Declared in the GOC DB
  • On Monday, 27th January. 10:00 - 12:00. Upgrade of FTS3 gridsite and openssl. Will remove existing proxies on the server as part of upgrade.
  • There is an entry for the retirement of two old (and replaced) Logging & Bookkeeping servers.
Advanced warning for other interventions
The following items are being discussed and are still to be formally scheduled and announced.

Listing by category:

  • Databases:
    • Switch LFC/FTS/3D to new Database Infrastructure.
  • Castor:
    • Castor 2.1.14 testing is ongoing. A date for deployments awaits successful completion of this testing.
  • Networking:
    • Implementation of new site firewall. Date for Tier1 proposed to be 10th March. (Initial changes for links that do not affect the Tier1 commenced this week.)
    • Update core Tier1 network and change connection to site and OPN including:
      • Install new Routing layer for Tier1 & change the way the Tier1 connects to the RAL network. (Required before firewall changes on 10th March).
      • These changes will lead to the removal of the UKLight Router.
  • Fabric
    • Firmware updates on remaining EMC disk arrays (Castor, FTS/LFC)
    • There will be circuit testing of the remaining (i.e. non-UPS) circuits in the machine room during 2014.
Entries in GOC DB starting between the 15th and 22nd January 2014.
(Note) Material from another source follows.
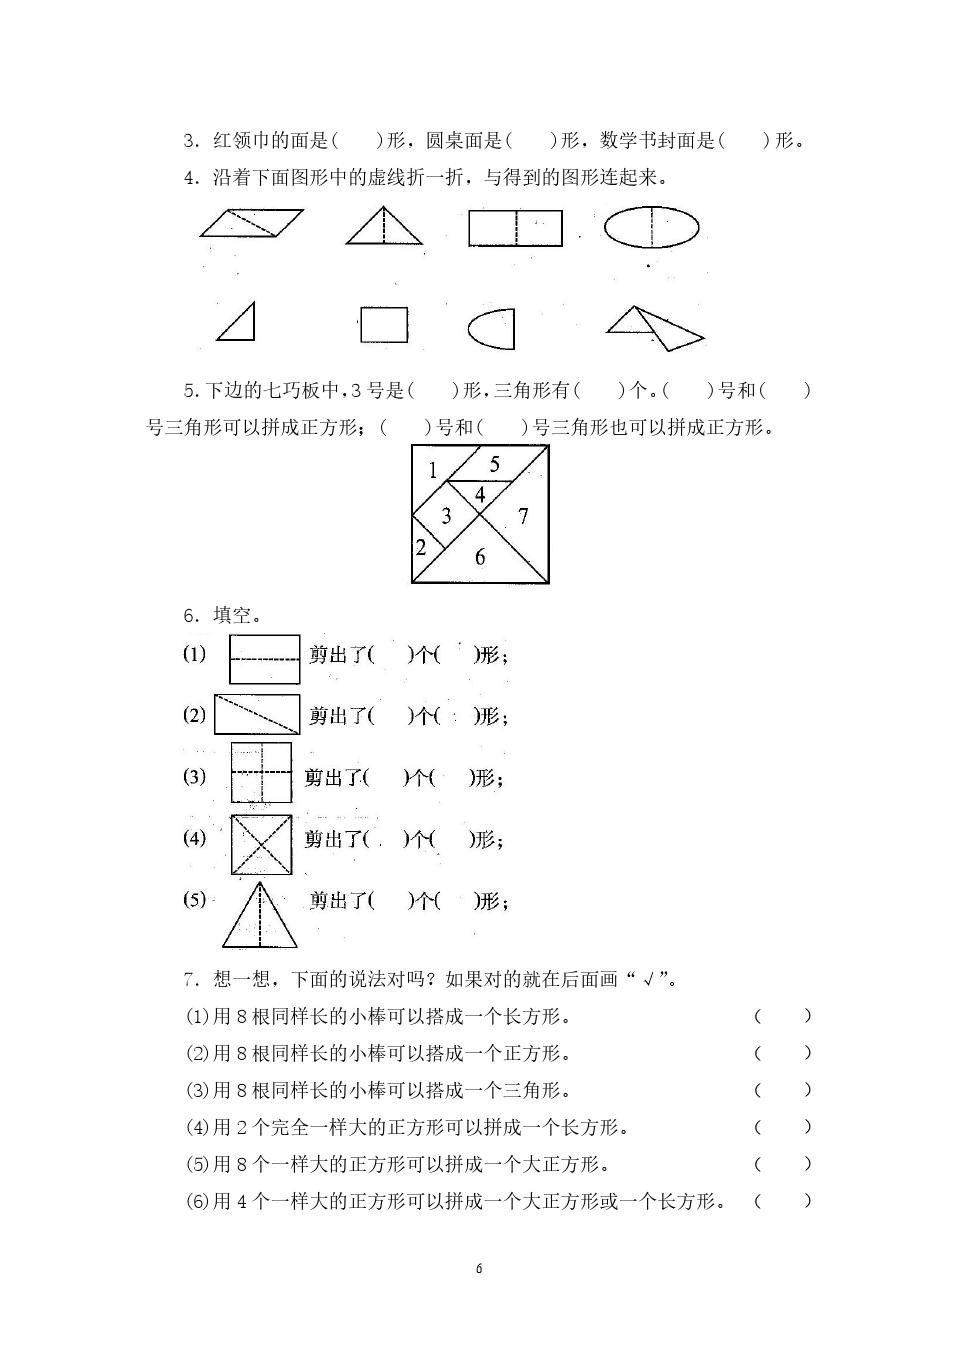 2018苏教版1一年级下册数学学习能力检测试卷(全套)答案图片

Service Scheduled? Outage/At Risk Start End Duration Reason
All Castor (all SRM endpoints) UNSCHEDULED WARNING 21/01/2014 09:00 21/01/2014 13:00 4 hours For microcode updates to the tape robots. Castor disk services will remain up but there will be no tape access. Tape recalls will stall. Writes to tape backed service classes will carry on, with files flushed from the disk caches to tape once the microcode updates are completed.
lcglb03.gridpp.rl.ac.uk, lcglb04.gridpp.rl.ac.uk, SCHEDULED OUTAGE 18/12/2013 11:00 31/01/2014 00:00 43 days, 13 hours old EMI-2 hosts to be retired
Open GGUS Tickets (Snapshot during morning of meeting)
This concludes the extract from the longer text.